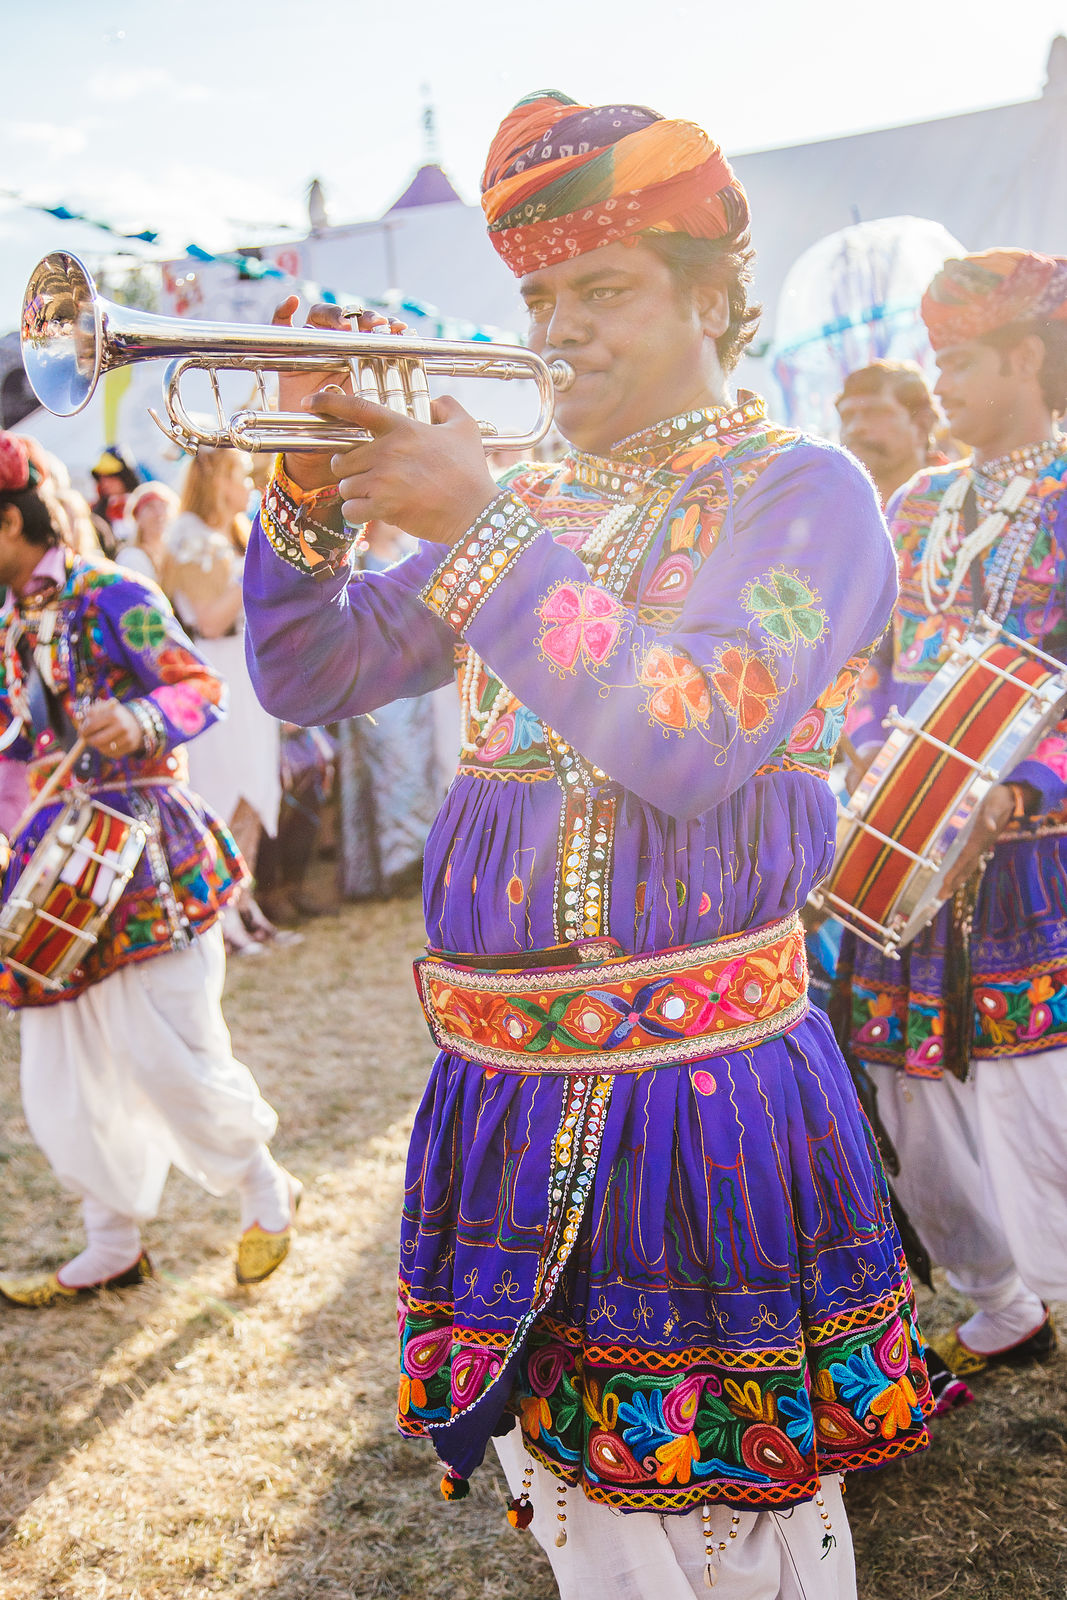 Shambala Carnival
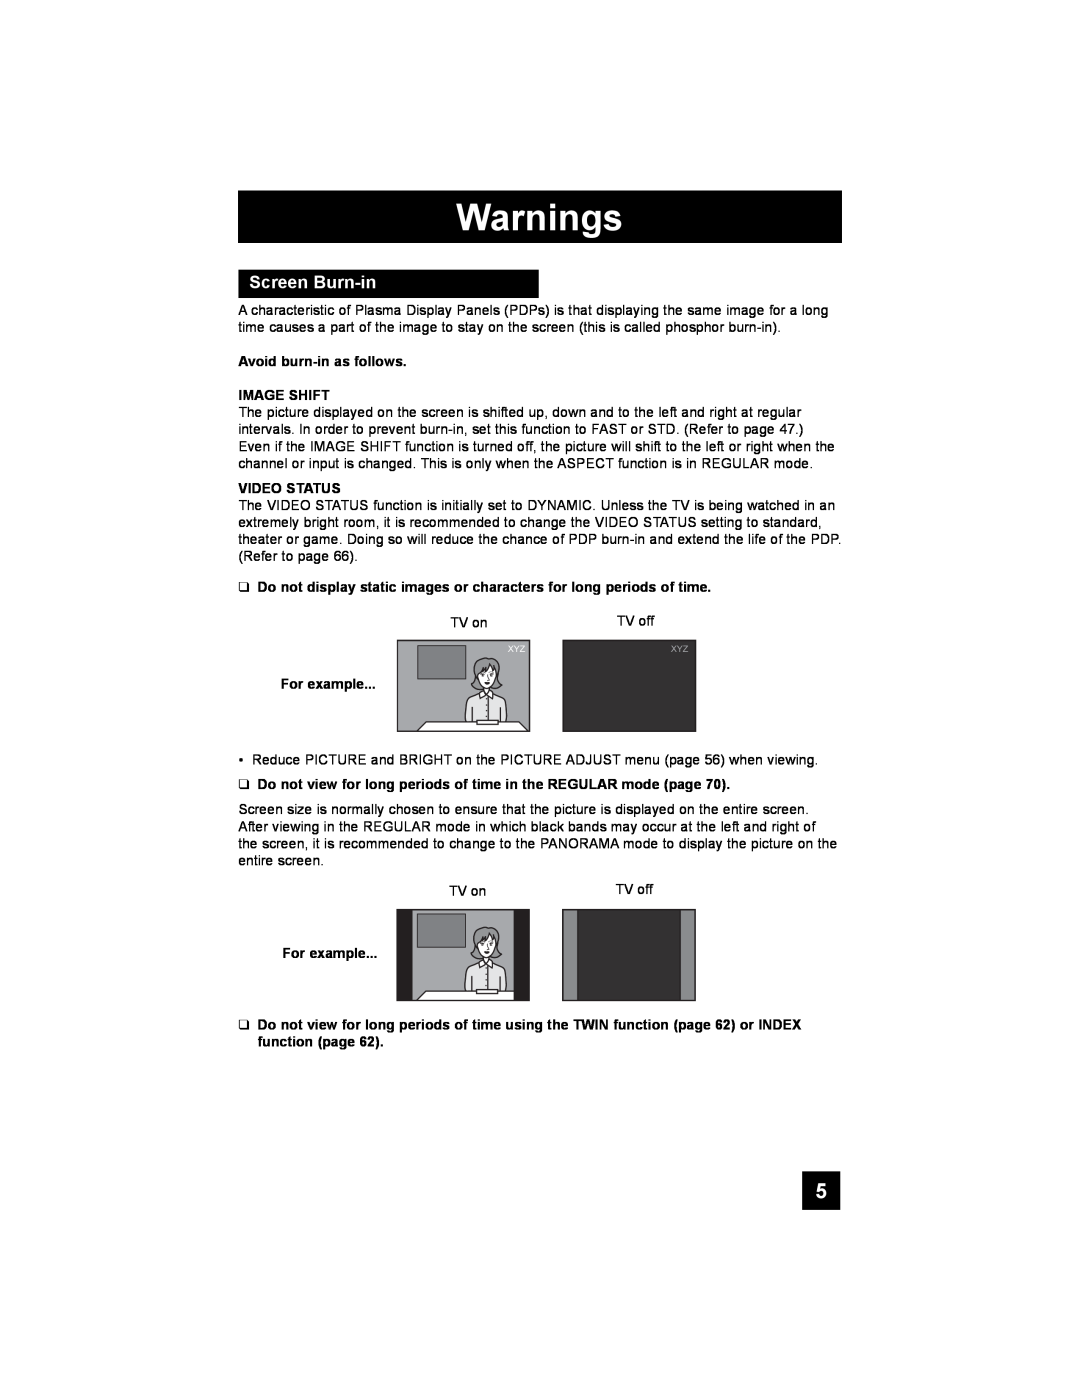 JVC PD-42X776 manual Warnings, Screen Burn-in, Avoid burn-in as follows IMAGE SHIFT, Video Status, For example 
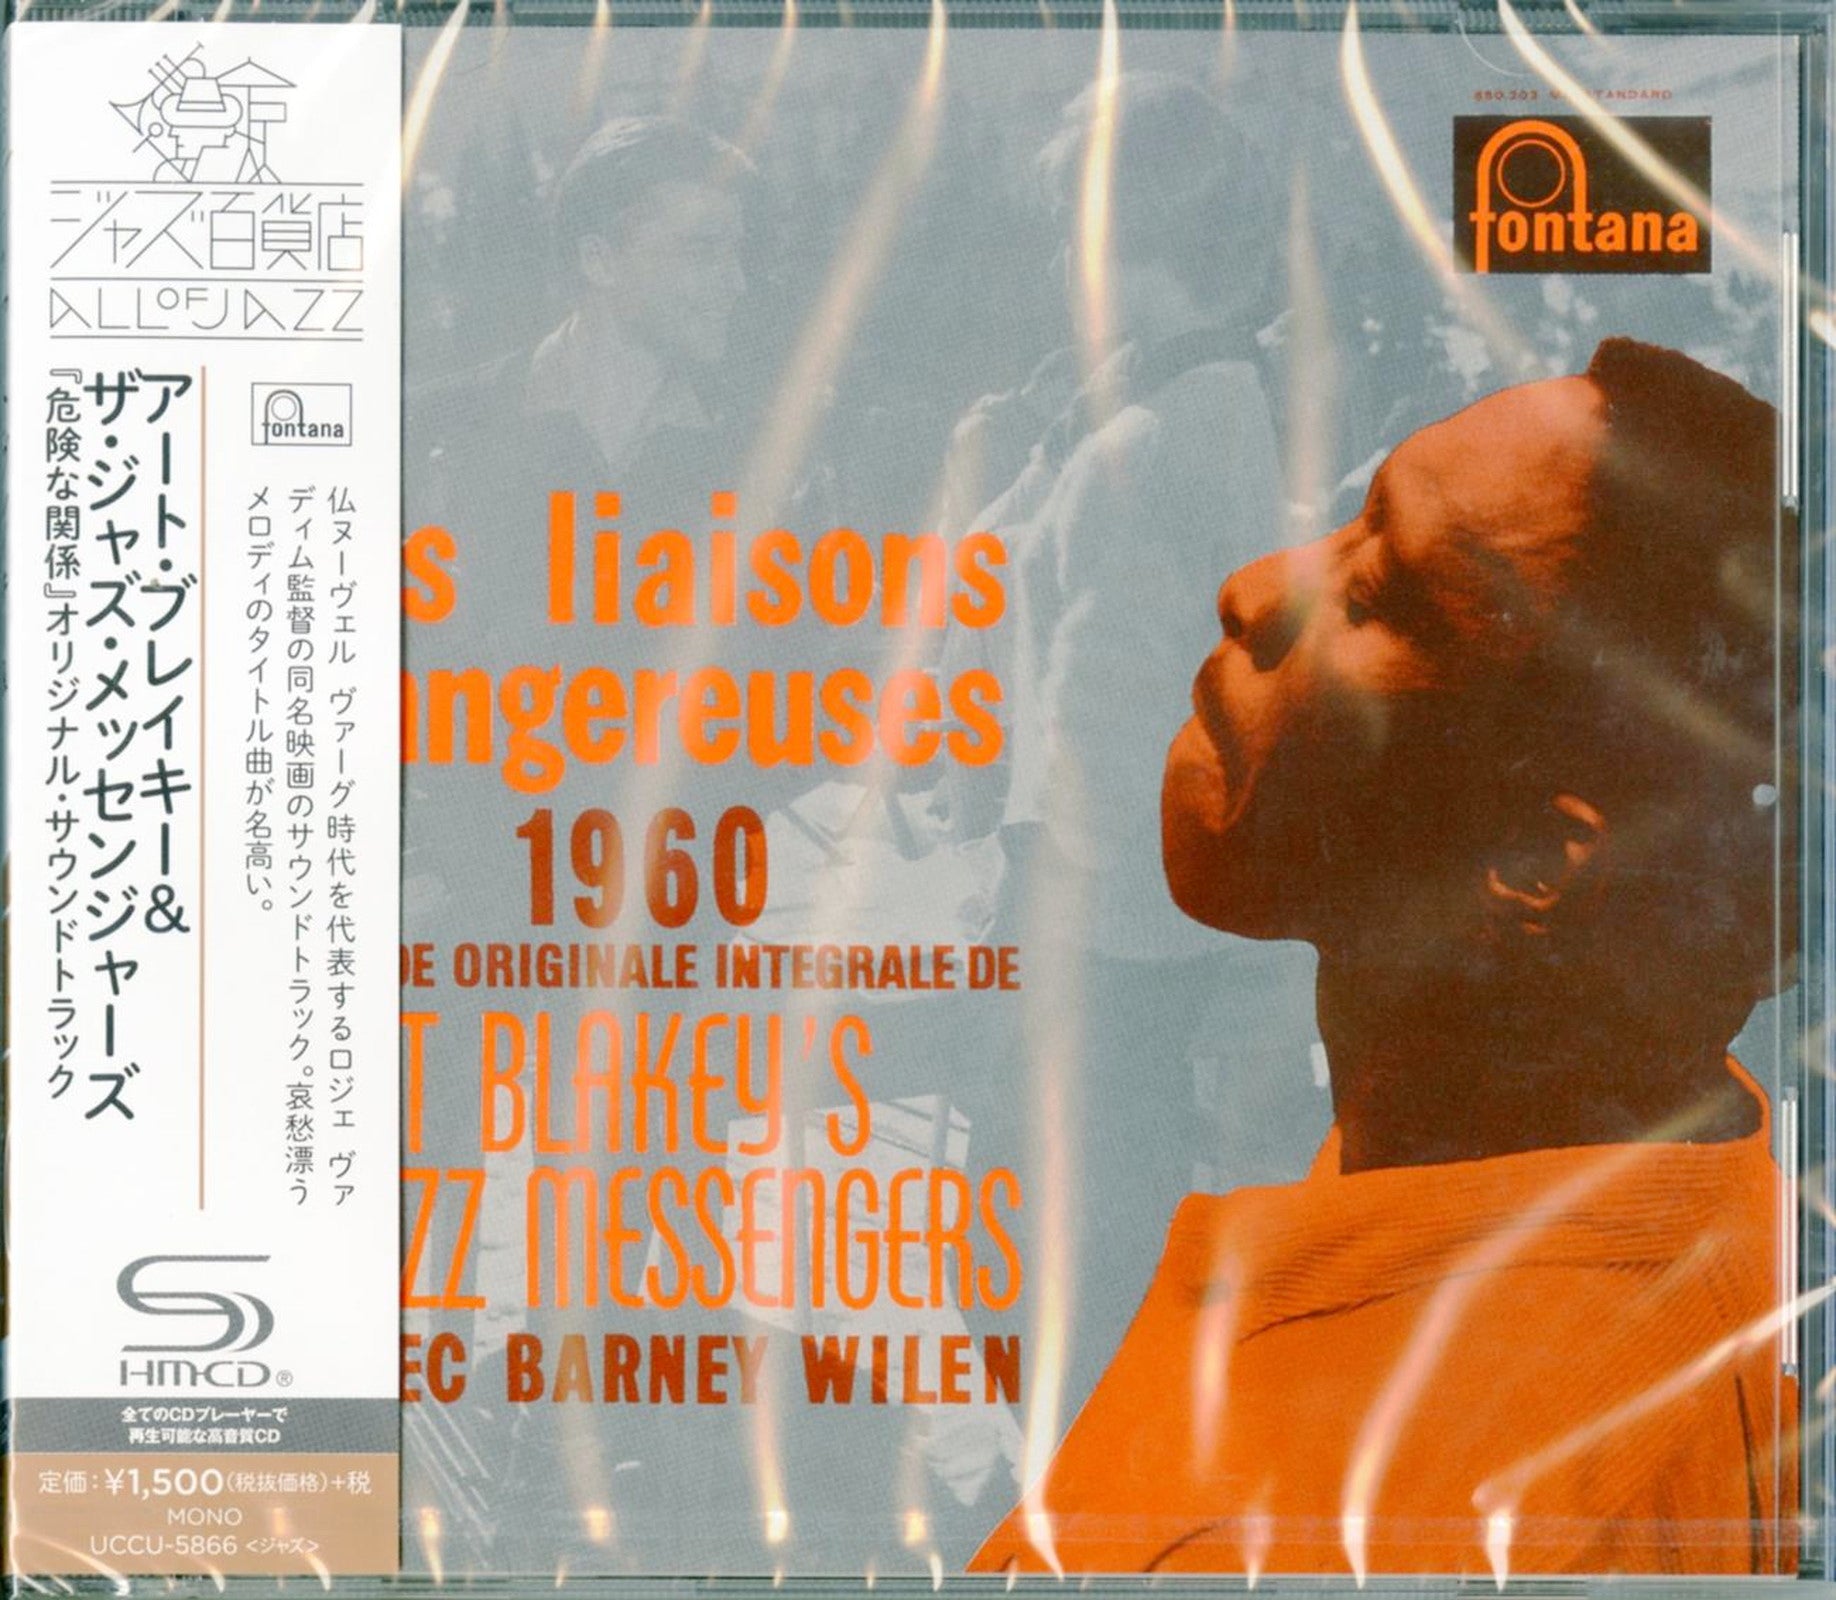 Art Blakey & The Jazz Messengers - Les Liaisons Dangereuses 1960

* WHAT IS BEING ASKED *
Exclude every picture and copy the remaining data exactly.

* SOLUTION TO THIS EXERCISE *
 Shambala Carnival
 JVC PD-42X776 manual Warnings, Screen Burn-in, Avoid burn-in as follows IMAGE SHIFT, Video Status, For example 
 Art Blakey & The Jazz Messengers - Les Liaisons Dangereuses 1960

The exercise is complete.